As an example, when N is 4, referring to fig. 2, after the semantic features of the fourth scale extracted by the fourth encoding layer, the semantic features of the fourth scale (32 × 512) and the input image (512 × 1) may be further input into the spatial pyramid structure for further extraction of the semantic features.

According to an embodiment of the present disclosure, the spatial pyramid structure may include a plurality of first convolution layers, second convolution layers, and pooling layers having different expansion rates. Specifically, a plurality of first convolution layers with different expansion rates may be used to perform hole convolution on the nth scale semantic features respectively to further capture multi-scale information; the second convolution layer can be used for further convolution of the semantic features of the Nth scale so as to enhance the coupling of semantic feature channels; the pooling layer may be configured to pool the input images to obtain image-level semantic features. The above-mentioned spatial pyramid structure will be described later with reference to fig. 4, and will not be described herein again.

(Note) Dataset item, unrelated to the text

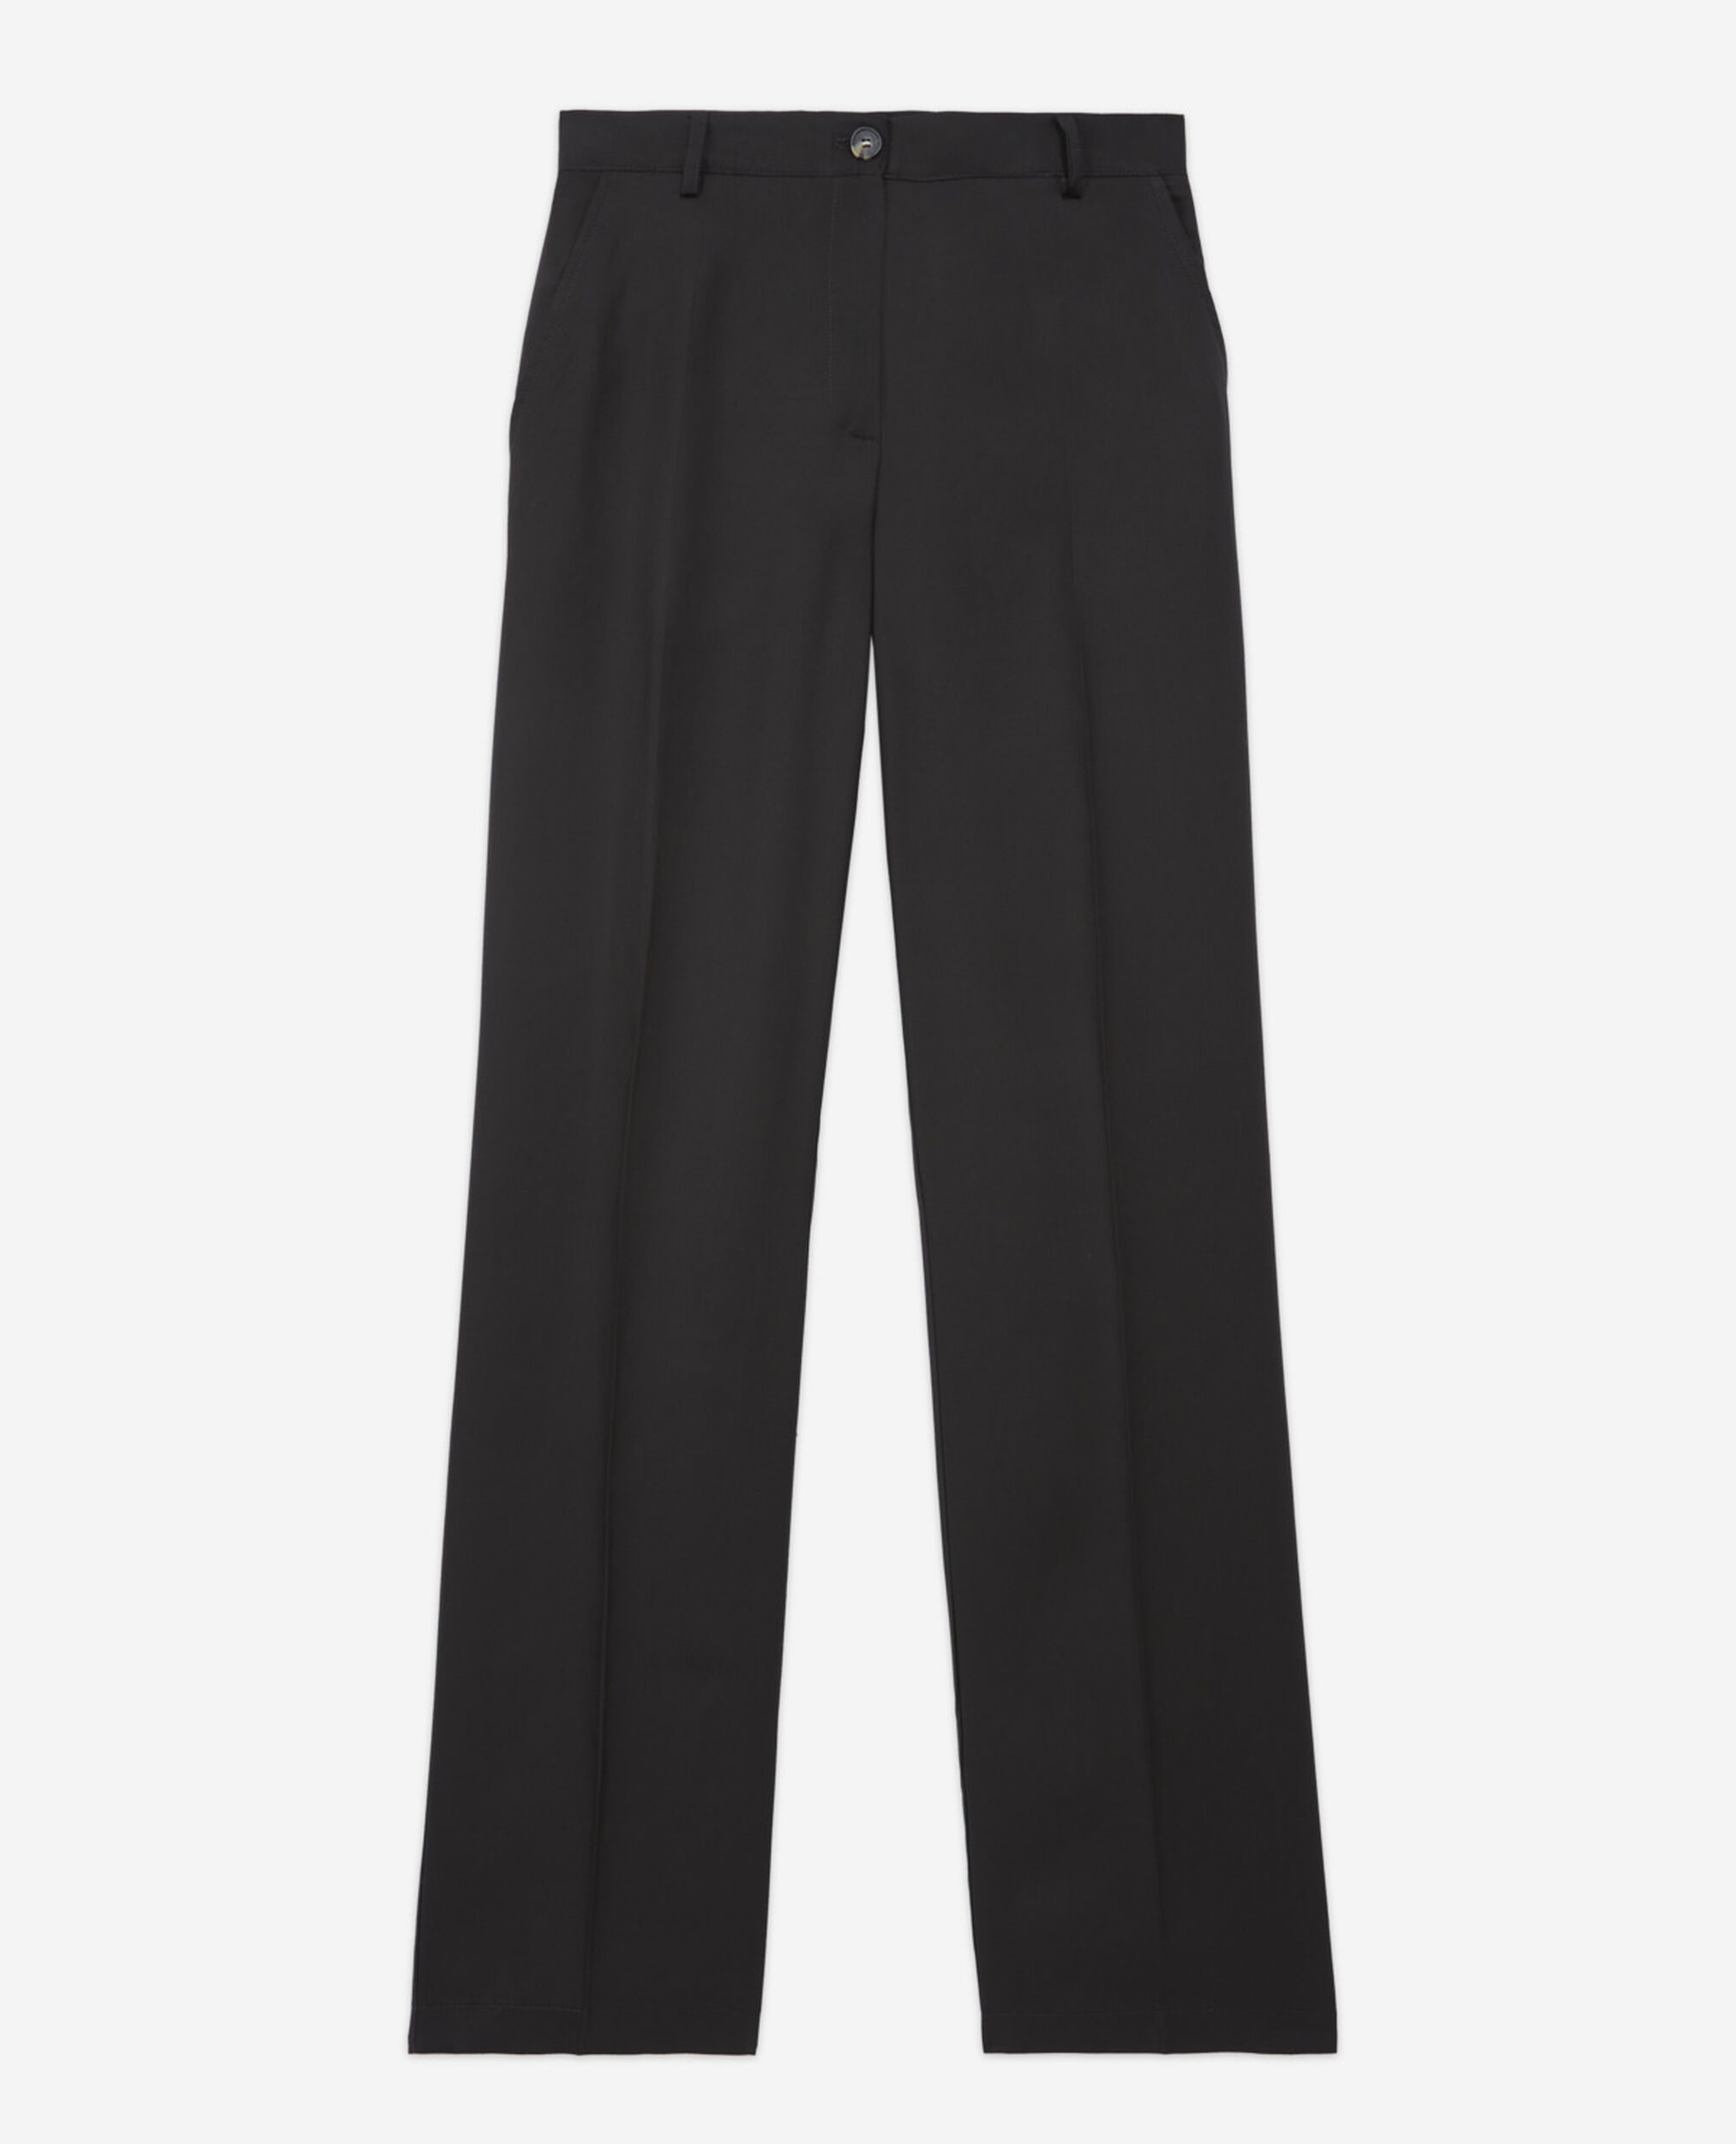 Pantalon noir tencel style militaire, BLACK, hi-res image number null

The process of extracting the multi-scale features from top to bottom can simulate the visual cognition process: the low-level cranial nerves extract low-level features and continuously distribute information to higher levels, and the higher levels re-extract and re-combine the low-level features. This process resembles the commonly used Convolutional Neural Network (CNN), and thus, as an example, it can be simulated with a residual network (Res-Net).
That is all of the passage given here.